Please also note, this content based mime detection does require users to have some knowledge with data mining and machine learning, and the choice of learning algorithms used in the pattern mining does not seem to matter, the knowledge to be mined is the classification, and there are many classification learning algorithms invented or reinvented, the question of which one is the best depends on a goal and data, each of the learning algorithms requires lots of effort with thorough performance testing and emperical analysis, and some data might be linear separable, some are not; and a or a set of goals is very important as it often is in the context of performance tuning; we can also think about it as a performance tuning problem where we need to have a set of goals in terms of the scalability, complexity, accuracy, etc. And in order to set our goals, we might first need to understand our data, e.g. do we have enough data or what features do i need to use, do we need to transform input; and all those design questions seem to matter the most and highly depend on the user-specific data and more importantly they largely affact the choice of the algorithms , therefore we want to leave the choice of algorithms to users based on their goals and data in their environment.
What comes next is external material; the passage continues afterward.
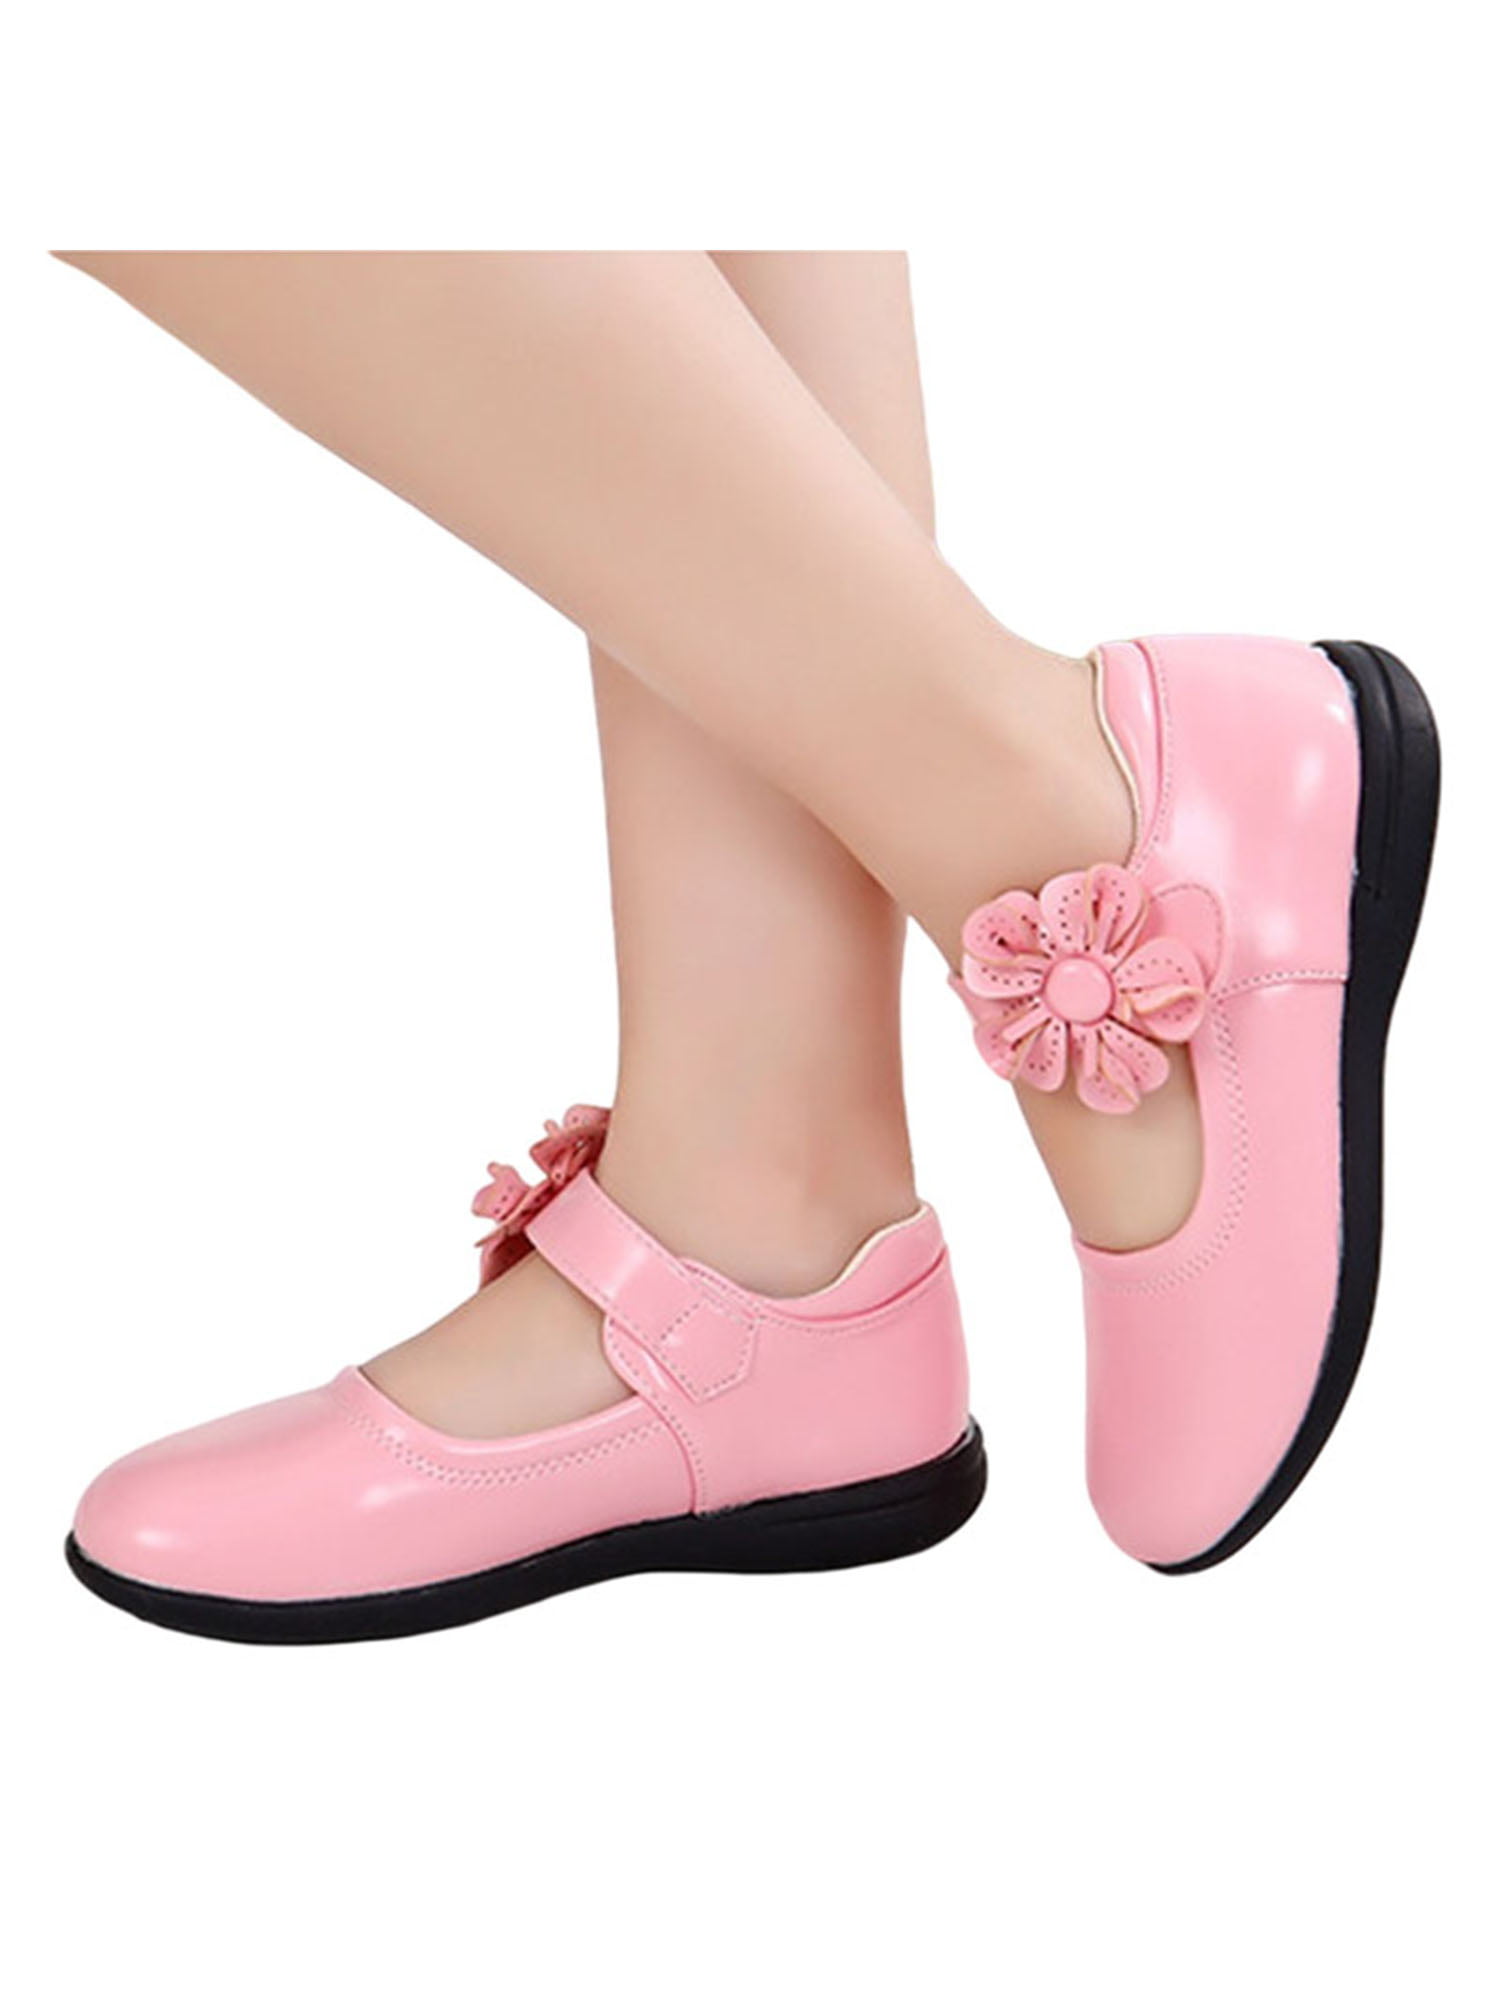 2019 Kids Girl Fashion Shoes Toddler Baby Dance Party Shoes Children Pretty Shoe

As an example, we have actually implemented two algorithms for classifying the GRB file type from non-GRB types, one is linear logistic regression ( gradient descent) and the other is neural network (back-propagation). Again, the neural network with back-propagation is a bit more complex with training and slower too, whereas the logistic regression is far cheaper in terms of complexity; and with the collected GRB data in our tests, it turns out that logistic regression also gives a good result with high accuracy, and it is worthy noting that it is always better to circumscribe the mime types to be detected; the example model attempts to classify grb files from non-grb files, and one of the observed challenges is to identify the non-grb file types whose class can be enormously large, the best practice is again to circumscribe a set of types to be classified, and the domain specific knowledge come into the play for well-defining a set of types in the user specific environment.

This feature could also enhance identification safety, so it only trusts the files that have similar byte histogram patterns it has seen in its training set, this has pros and cons, one of the pros as mentioned is that it enhance the security aspect of the MIME type identification, but the cons is slow detection which requires the reading the entire bytes of a file for computing the byte histogram and it might be also myopic to the training data which might be biased or less representative.

Methods

As mentioned, the content-based mime detection follows a standard data mining process:

Raw data - > feature selection and data cleaning -> pre-processing and transformation -> learning patterns(machine learning) -> knowledge evaluation -> the use of knowledge(prediction/classification) In TIKA.

(It is worth noting that the feature selection requires learning the application domain)

Also please note the model has to be ready before it can be used in Tika; by "ready", we mean the model has to pass the final knowledge evaluation test. As shall be seen shortly, as an example Tika is only implementing the prediction phase, so the model parameters need to be loaded and read into Tika for prediction or classification; The process of training can be lengthy and tedious, sometimes training might need to be converted to parallel/map-reduce operations when training data is too large to fit memory, again this depends on the user's goal.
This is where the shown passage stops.